My people humble people who expect
Nothing.”
∞ Sitting in the Nayland Rock shelter Eliot was trying to piece together a view of the world in 1921, now shattered by the First World War, and of a society that was in the process of being re-configured. He was trying to make connections. In the end, The Waste Land became a collection of fragments with gaps and fractures between them. It is for the reader to make the connections.
∞ As I sat in that same shelter last week, on a grey November day, it was easy to imagine Eliot’s mood, his sense of bleakness as he looked out over the grey sea, the expanse of sand. That said, he seems to have been prolific in Margate. I wonder how much that was due to the effect of staring out at the ever-changing abstract ‘painting’ of sky, sea, sand?
∞ I headed round the bay to Turner Contemporary to see Jeremy Deller’s English Magic, first exhibited in the British Pavilion, Venice Biennale, 2013. Now in Margate until 11 January 2015, it’s a must-see exhibition: bold, thoughtful, witty, searching, absorbing. And Turner Contemporary is the most visitor friendly gallery I’ve ever encountered. I urge you to go and see it…
∞ How to define Deller’s practice – artist, curator, visual thinker? Whatever you call it, what he does is to make connections. Almost a century after T S Eliot, Deller’s practice is also gathering fragments and glimpses. Here, he invites us to join the dots between the financial, social and political forces that shaped our lives towards the end of the 20th Century and continue to do so. If that sounds a tad heavy going it isn’t. Deller has a light touch with weighty subjects.
∞ Question: in no particular order, what connects: a Palaeolithic hand axe, a tax haven, a hen harrier, Tony Blair, a Range Rover, civil unrest in the 1970s, scrapyards, David Bowie, Roman Abramovich, Venice, William Morris, steel bands, an inflatable Stonehenge, birds of prey, block printing, the Iraq war and weapons of mass destruction, the collapse of the Soviet Union, portraits made by prisoners?
Answer: Magic. Magic in the form of trickery but also in the sense of wonder and delight.
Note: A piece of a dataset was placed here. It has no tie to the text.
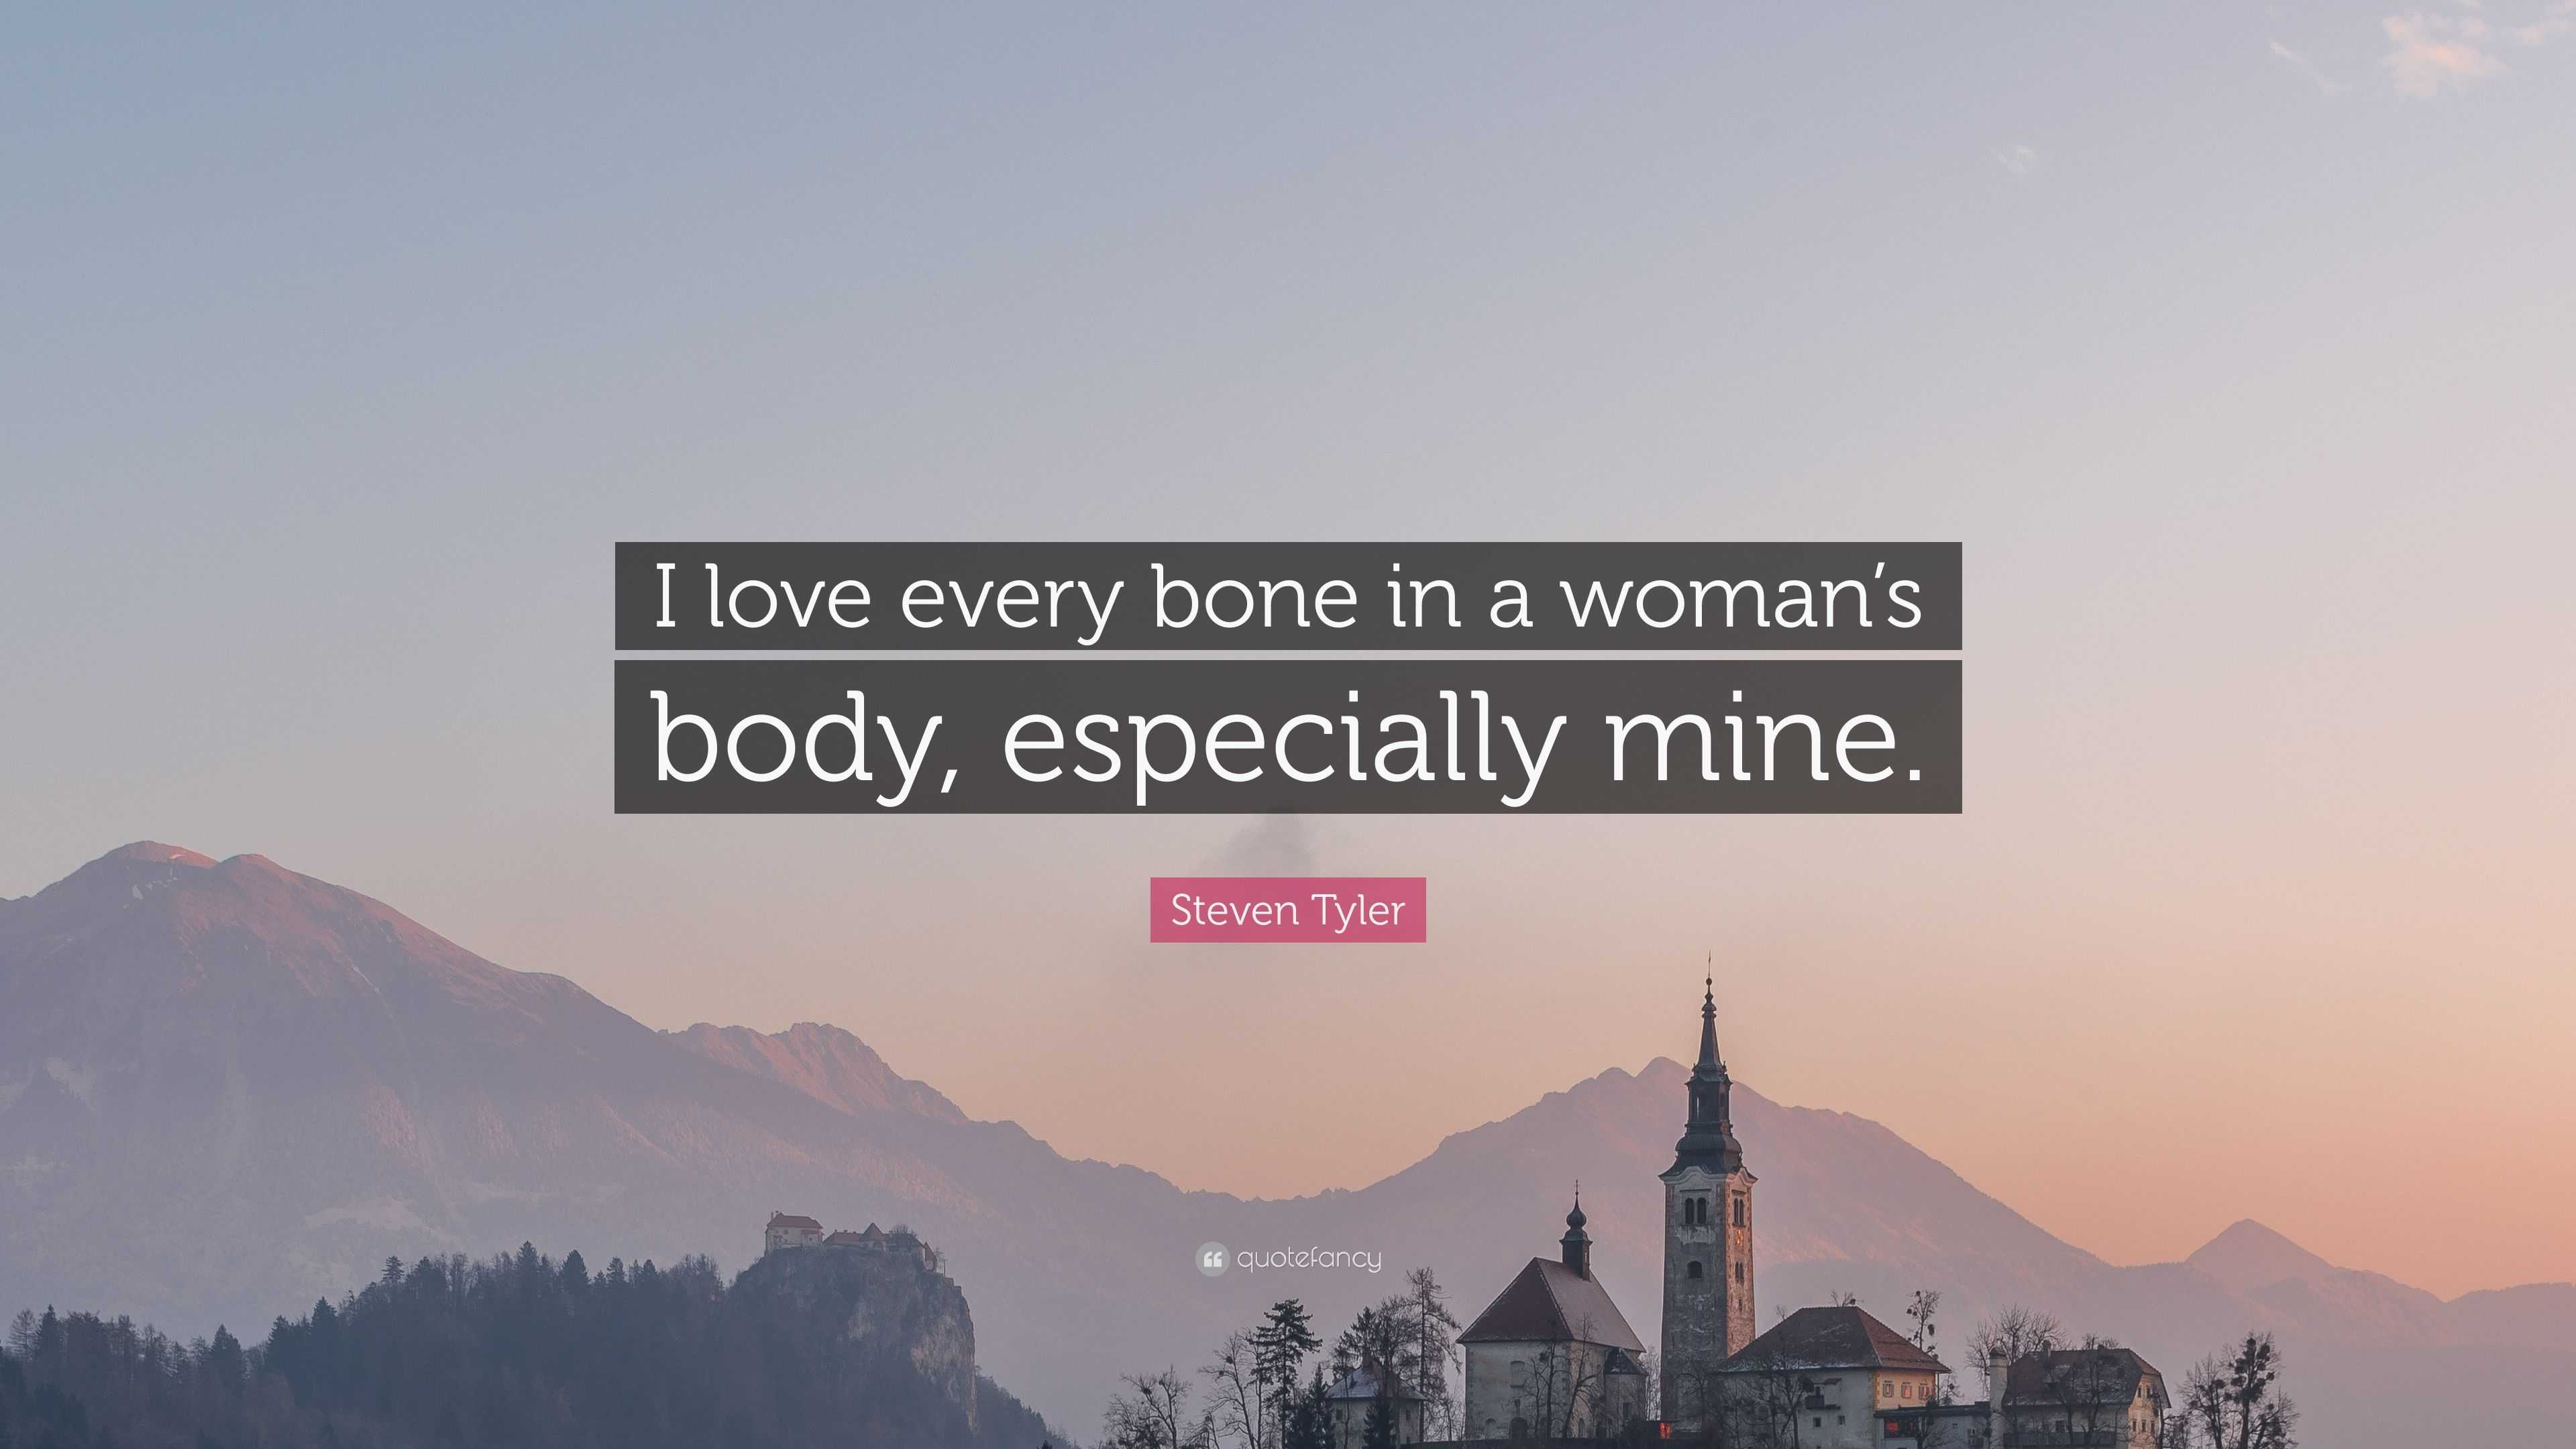 Steven Tyler Quote: “I love every bone in a woman's body
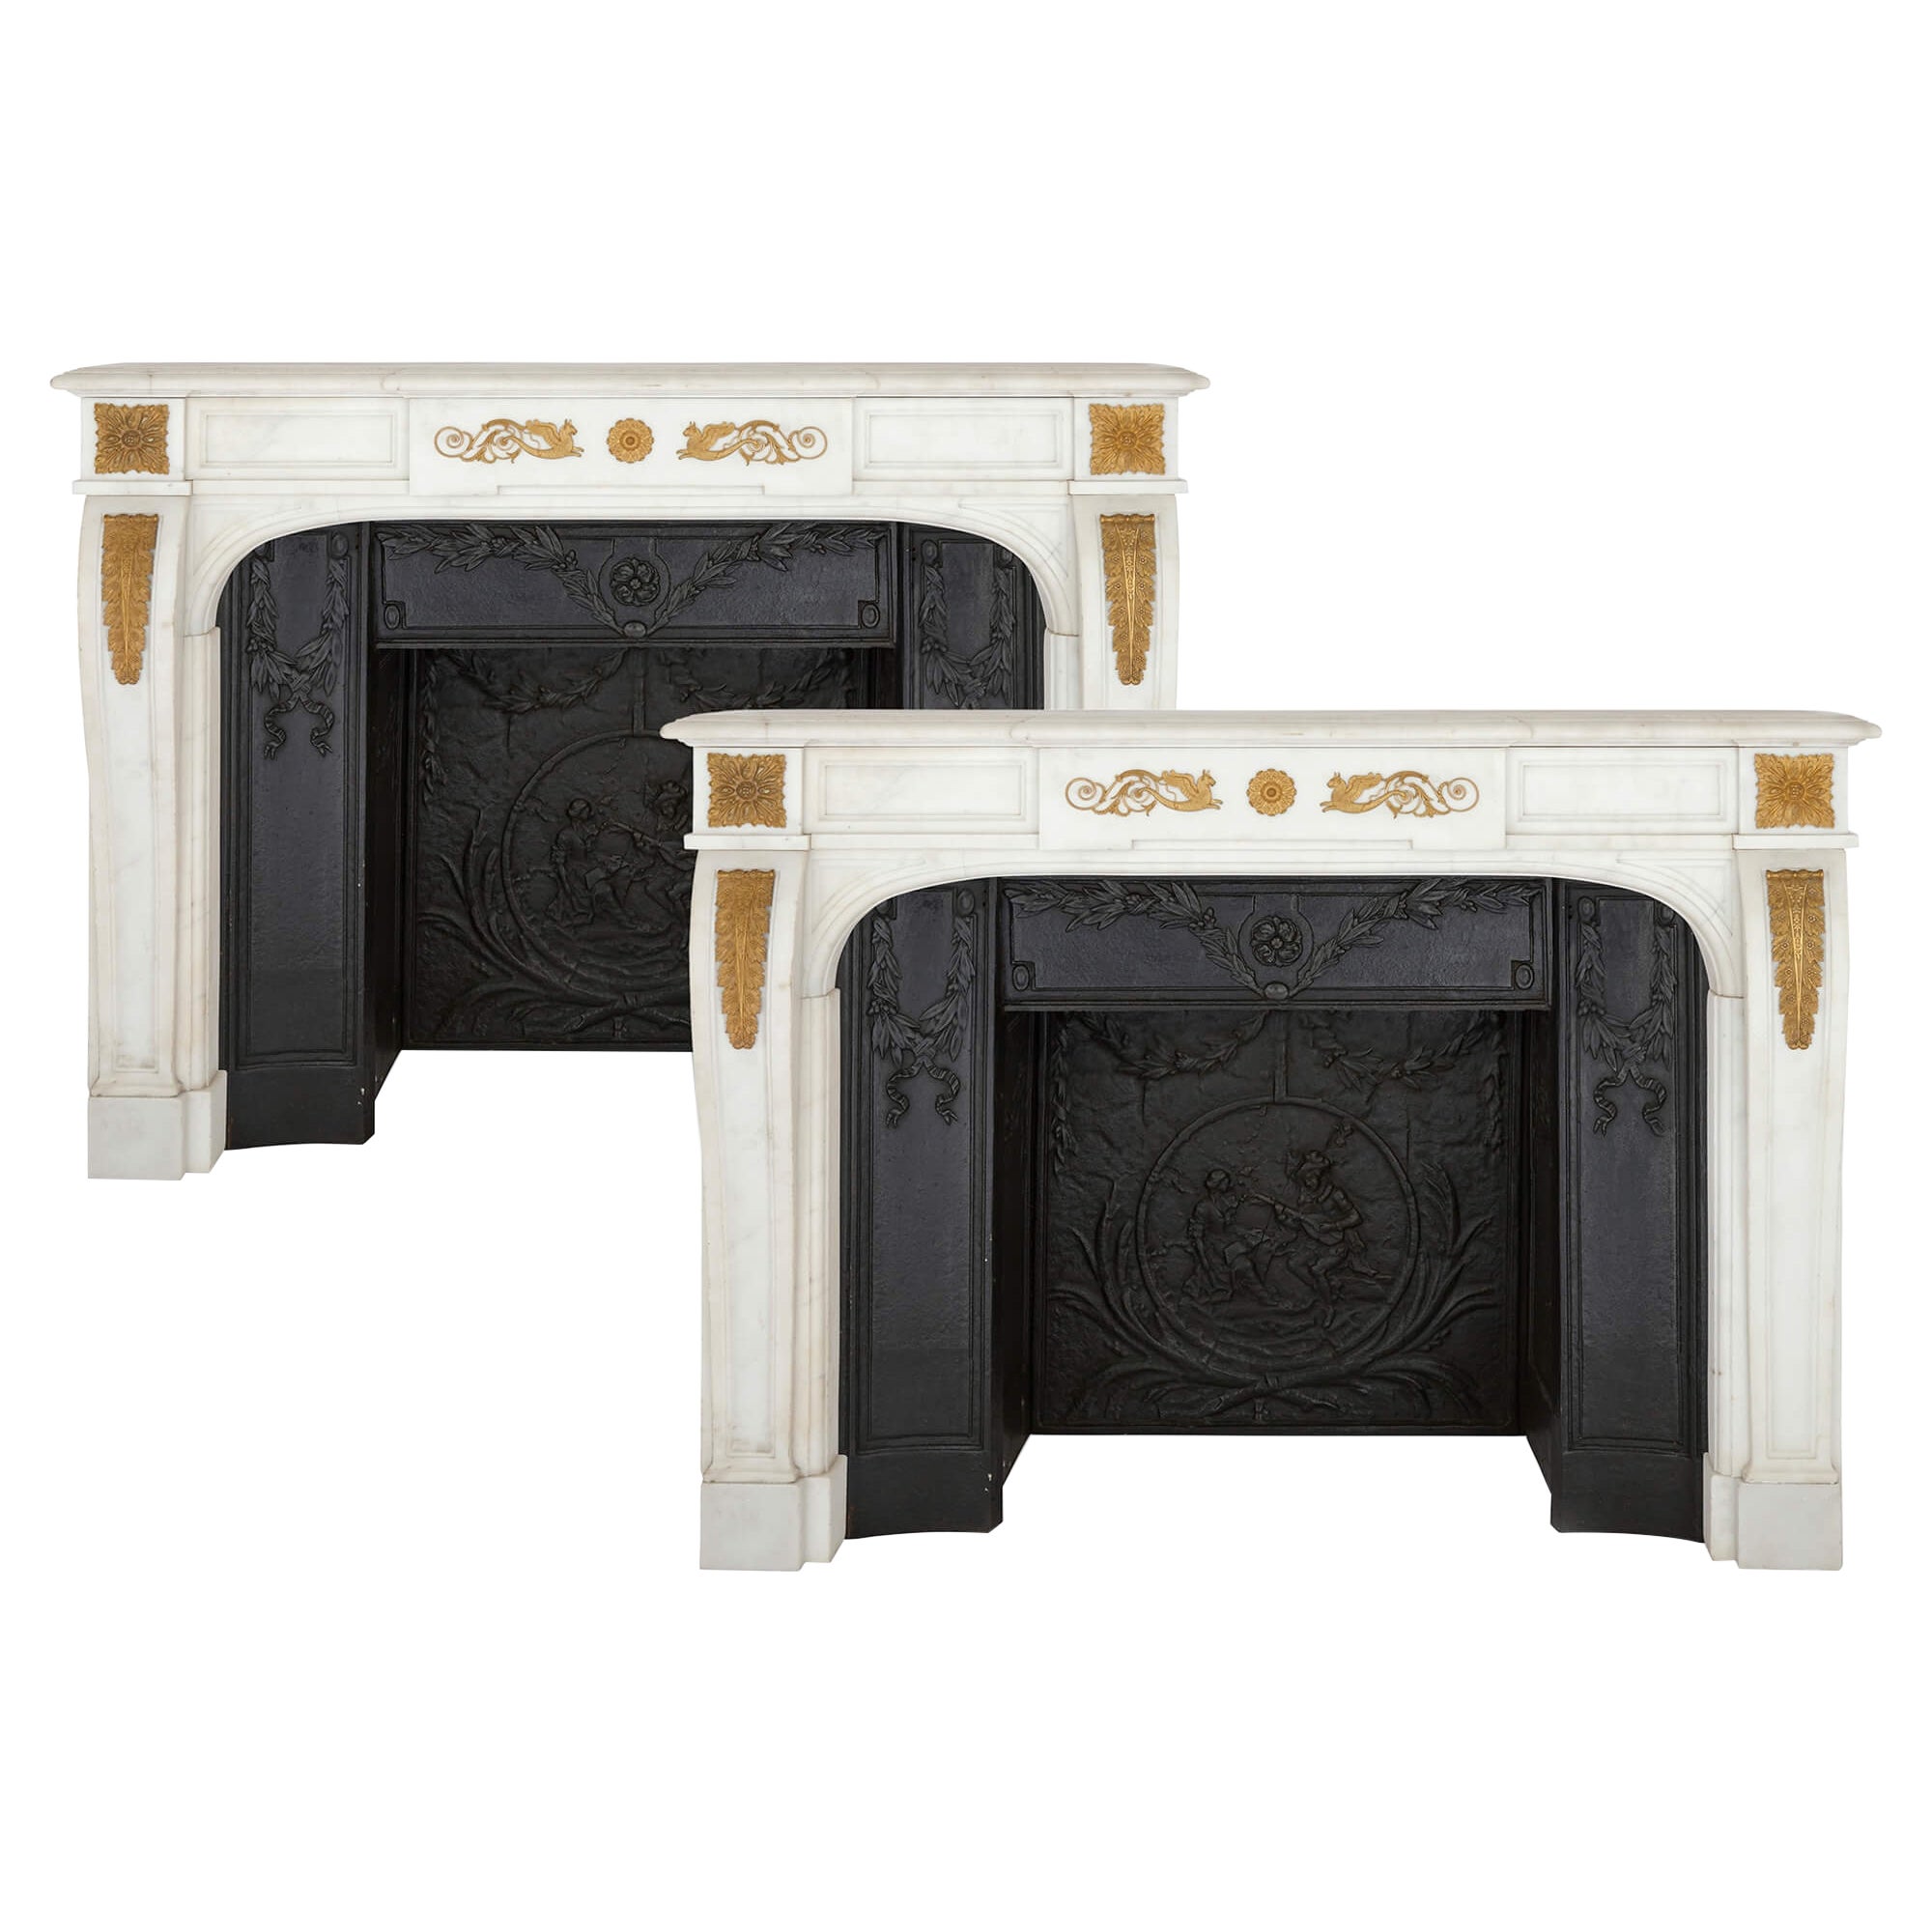 Pair of Antique French Ormolu Mounted Marble Fireplaces with Cast Iron Insets For Sale

∞ I found delight and wonder: in being invited to hold a Palaeolithic hand axe that might be 400,000 years old; in the “extreme beauty,” as Deller refers to it, of birds of prey observed in slow motion in the film at the heart of the exhibition; in the complexity and thought behind the handmade, revealed through the textiles of William Morris; in the subtle sounds of a steel orchestra that followed me around the gallery.
∞ Of trickery is there is plenty: who shot the hen harrier on the Sandringham estate and where are the bodies? Where are those WMDs, Mr Blair? How did Abramovich get to park his yacht in Venice? And more.
∞ Deller’s skill is to offer the trickery and the wonder. The result: I didn’t feel hit over the head with a message, rather I came away with questions breeding in my mind. A week on, I’m still thinking about the exhibition.
∞ English Magic is a powerful visual essay that reminds me how potent the visual can be. Objects, images, imaginative murals provide cues that stir thoughts, invite us to reconfigure what we think we know, or prompt us to recall what we may have forgotten. As Deller says in the catalogue interview, in a gallery: “you lose the inhibitions of your usual thought processes…you become free as you float through time and space…”
∞ I wonder what T S Eliot would have made of Deller’s fragments and glimpses and the fractures they reveal between the powerful and the less powerful; of this view of what happens to “humble people” when collective responsibility breaks down?
∞ Towards the end of The Waste Land, Eliot writes: “These fragments I have shored against my ruins.” The visual fragments that Deller has brought together can be shored against, our amnesia or a collective sleepwalking…
∞ Deller refers to the three murals that form focal points through the exhibition as “revenge fantasies.” The final one shows a huge image of a hen harrier lifting a Range Rover in its talons as if prey. It reminds us that we are a part of, not apart from, the natural world; might the forces of the natural world have the last say?
∞ The views from the foyer of Turner Contemporary of sea and sky allow the visitor to clear thoughts and enter the wonderful gallery spaces with an open mind. I can’t help thinking there must have been something about his staring at the expanse of sky, sea and sand that allowed Eliot to “float through time and space,” as he drafted his poem.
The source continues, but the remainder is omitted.